Автором-составителем книги был некто Петр Алексеевич Илинский. К очеркам прилагались краткие биографии участников юбилейной встречи, их послужные списки. Прочитав жизнеописание самого автора-составителя, я испытал что-то вроде легкого потрясения — настолько отдельные вехи его жизни совпадали с моими: мы в один год (разумеется, с разницей в сто лет) родились, в один год выпустились из академии, в один год вернулись в Петербург на усовершенствование. Илинский, как и я, эпидемиолог, писатель, статский советник, что равно было моему тогдашнему званию — полковник. Были и другие совпадения.
Помнится, я пережил несколько тревожных минут: не сама ли судьба вдруг открылась передо мной, позволив заглянуть в будущее? Хорошо, если Петр Алексеевич прожил долгую жизнь и отошел в мир иной в кругу семьи и близких. А вдруг земной срок у него иной? Короче, прибавив сто лет, определю ли я точную дату и своего конца? А заодно узнаю и причину. Признаюсь, когда я мчался в Центральную научную медицинскую библиотеку, где, как мне сообщили по телефону, в персоналиях на П.А. Илинского хранится некролог, у меня, что называется, тряслись поджилки. К счастью, мои опасения не подтвердились. В дальнейшем совпадения пошли столь густо, что впору было перекреститься. Выяснилось, например, что дети у нас родились в один год, только у Илинского сын, а у меня дочь. Типография купца второй гильдии Шмидта, где печатались книги Илинского и где набиралась его газета «Врачебные ведомости», размещалась в подвале дома номер шесть на улице Галерной (ныне Красной) — а именно в этом доме, на четвертом этаже, мы с однокурсником Шурой Орловым снимали комнату. И так далее.
Я по-настоящему увлекся поисками, и дело не только в игре в «чертовщинку», когда совпадения вызывают тревожный холодок внутри, я вдруг обрел вкус к работе в архивах и острый интерес к отечественной истории.

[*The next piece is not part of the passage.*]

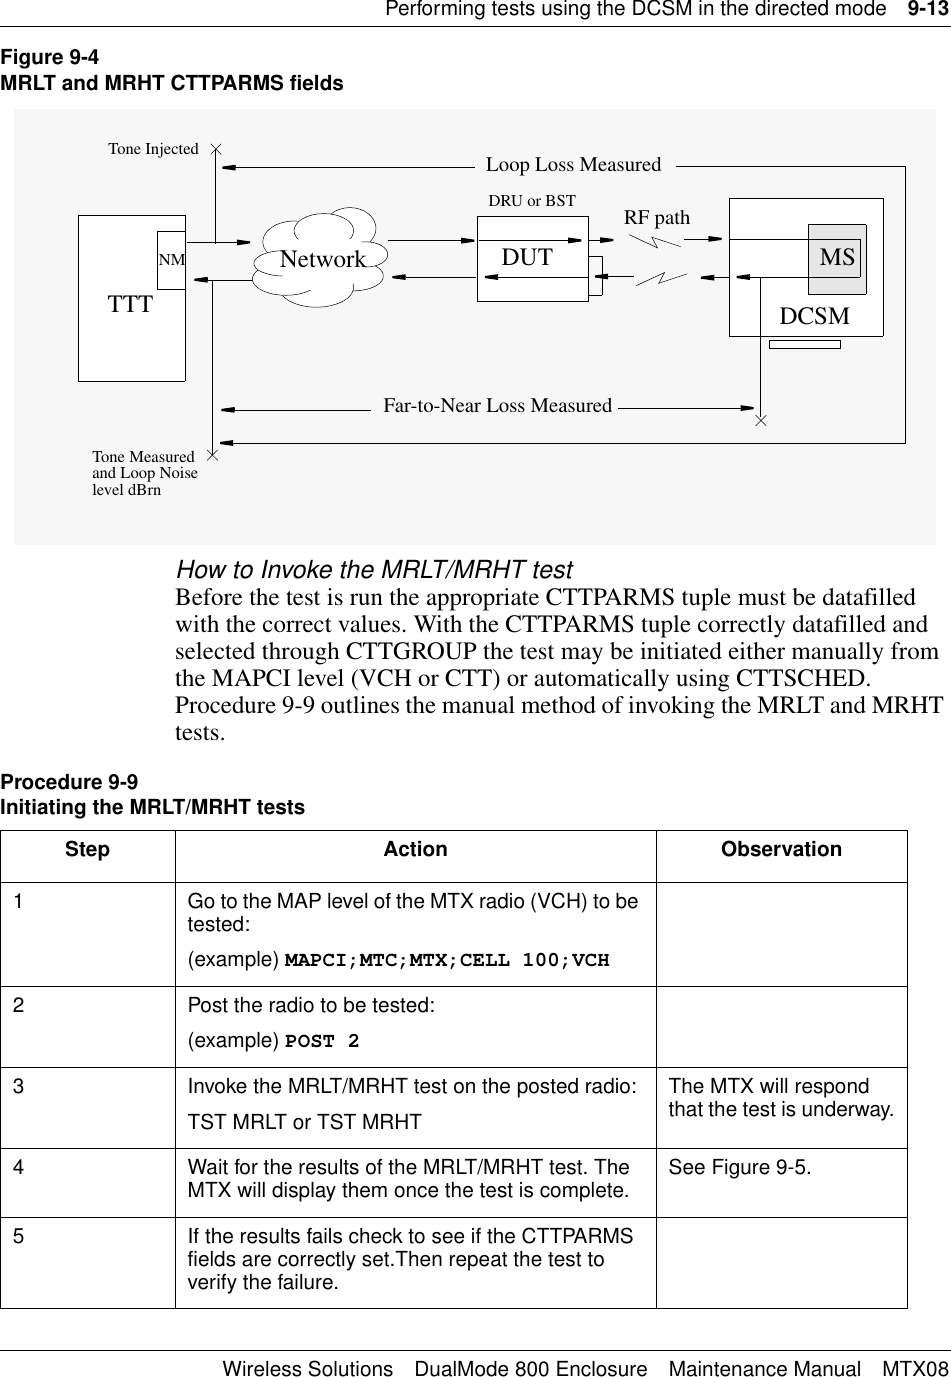 Performing tests using the DCSM in the directed mode 9-13Wireless Solutions DualMode 800 Enclosure Maintenance Manual MTX08Figure 9-4MRLT and MRHT CTTPARMS fieldsHow to Invoke the MRLT/MRHT testBefore the test is run the appropriate CTTPARMS tuple must be datafilled with the correct values. With the CTTPARMS tuple correctly datafilled and selected through CTTGROUP the test may be initiated either manually from the MAPCI level (VCH or CTT) or automatically using CTTSCHED. Procedure 9-9 outlines the manual method of invoking the MRLT and MRHT tests. Procedure 9-9Initiating the MRLT/MRHT testsStep Action Observation1 Go to the MAP level of the MTX radio (VCH) to be tested:(example) MAPCI;MTC;MTX;CELL 100;VCH2 Post the radio to be tested:(example) POST 23 Invoke the MRLT/MRHT test on the posted radio:TST MRLT or TST MRHTThe MTX will respond that the test is underway.4 Wait for the results of the MRLT/MRHT test. The MTX will display them once the test is complete. See Figure 9-5.5 If the results fails check to see if the CTTPARMS fields are correctly set.Then repeat the test to verify the failure.DCSMDUTTTTNM NetworkDRU or BSTMSRF pathLoop Loss MeasuredFar-to-Near Loss MeasuredTone InjectedTone Measured and Loop Noiselevel dBrn

По мере того как накапливался материал, передо мной проступала биография человека, немало сделавшего для России и незаслуженно забытого. В поисках материала побывал я в селе Селихове, где родился мой герой, в Костроме, Нерехте, Юрьеве-Польском и даже прокатился в Болгарию. В результате родилась эта повесть. если совсем уже быть точным, то повесть-версия.
Из N, уездного города Z-й губернии, ранним июльским утром выехала и с громом покатила по почтовому тракту безрессорная, обшарпанная бричка...
А.Чехов. Степь
Глава первая
Из деревни Селихово Корчевского уезда Тверской губернии ранним июльским утром выехала обшарпанная бричка и покатила по пыльной дороге в сторону села Кузнецова. На облучке, скособочась, сидел разбойного вида мужик с черной всклокоченной бородой, в остроконечной войлочной шляпе; в бричке, опершись на старый кожаный баул, полулежал семинарист Петр Илинский. В ногах его на выбоинах подскакивала стопка книг, перехваченная сыромятным ремешком. Под утро брызнул дождичек, но вскоре ослаб. Денек обещал быть жарким. Справа, над Волгой, копилась мутная синь — предвестник грозы.
У села Кузнецова дорога свернула влево, и оттуда, с холма, Петр в последний раз глянул на золоченые купола церкви пророка Илии. сердце сжалось: когда-то теперь он увидит родной дом?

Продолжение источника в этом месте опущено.